2. What are autonomous IT operations?
Autonomous IT operations use AI to move from passive monitoring to active, self-managing systems that detect, analyze, and resolve issues with minimal human input. In OpManager Nexus, this operates in three layers:
- Detection: Zia’s anomaly detection identifies deviations from normal behavior across infrastructure, applications, and networks—often before threshold-based alerts trigger.
- Reasoning: Causal AI analyzes time-series dependencies to determine the root cause and understand why an issue occurred.

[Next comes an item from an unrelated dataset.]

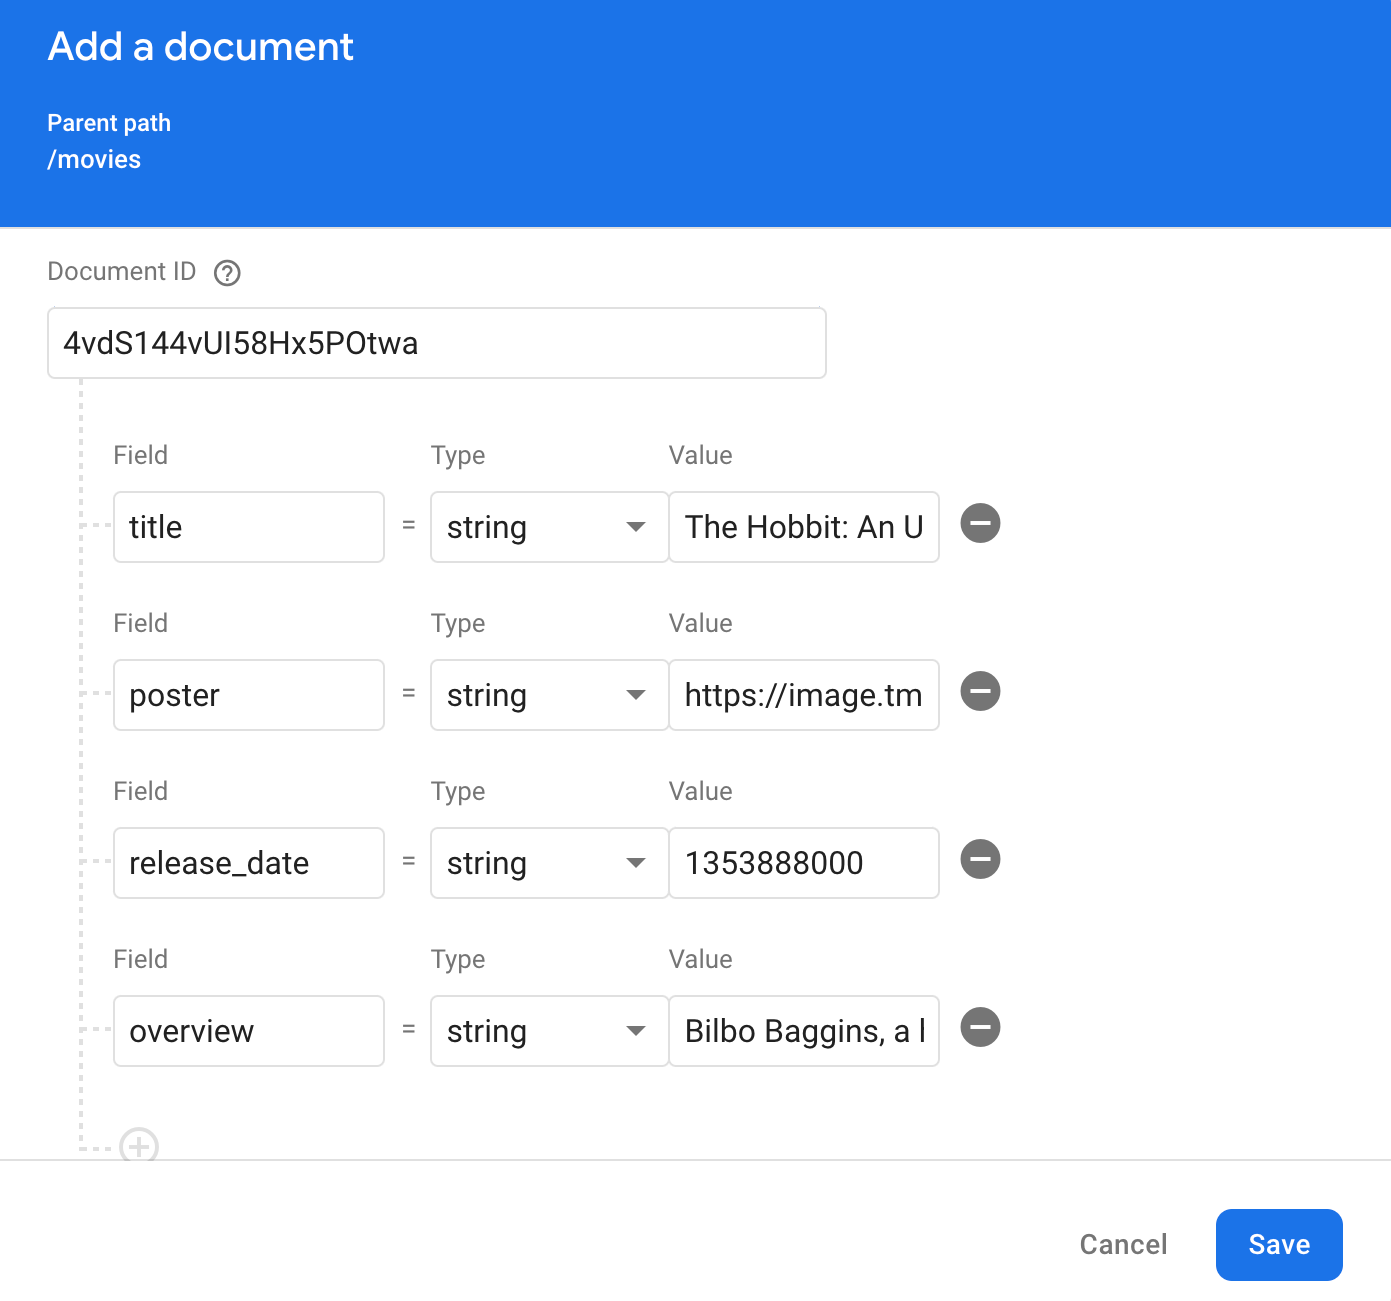 Adding a document to Firebase
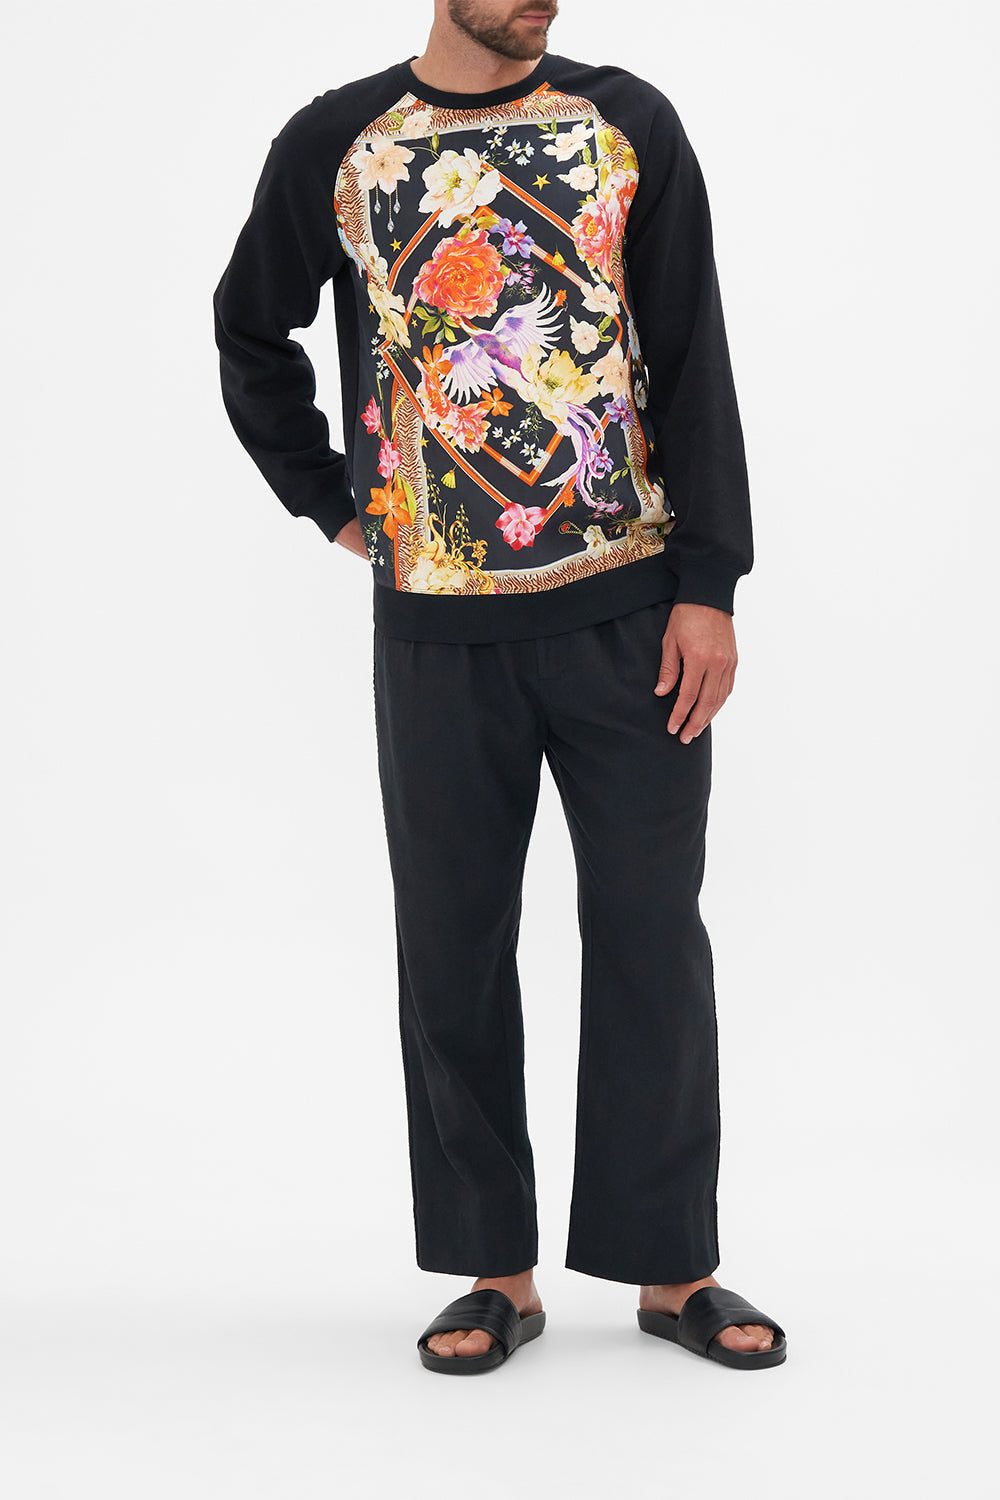 Front view of model wearing Hotel Franks by CAMILLA silk mens black knit jumper in Secret History floral print

- Action: Zia Agents recommend and, upon approval, execute fixes via Qntrl Circuits, ensuring that all actions are governed, auditable, and traceable.
3. What types of problems can be auto-remediated without human approval?
Low-risk, well-understood actions are best suited for zero-touch remediation, such as restarting a hung service, clearing disk space, or scaling a Kubernetes cluster. Higher-stakes changes always require human approval in Qntrl Circuits before any action is taken.
4. How does OpManager Nexus determine the root cause of an incident?
Most AIOps tools only show related alerts. OpManager Nexus goes further by using causal AI to analyze the direction of failure across infrastructure, application, and network layers. It identifies the probable root cause so teams can fix the issue faster, instead of interpreting multiple symptoms.
5. Does OpManager Nexus need to be manually configured to understand how my infrastructure is connected?
No. OpManager Nexus automatically maps your infrastructure using ADDM, creating a live view of how components are connected. This helps event correlation group alerts based on real dependencies. ADDM requires the Full-Stack Agent and APM Insight agent.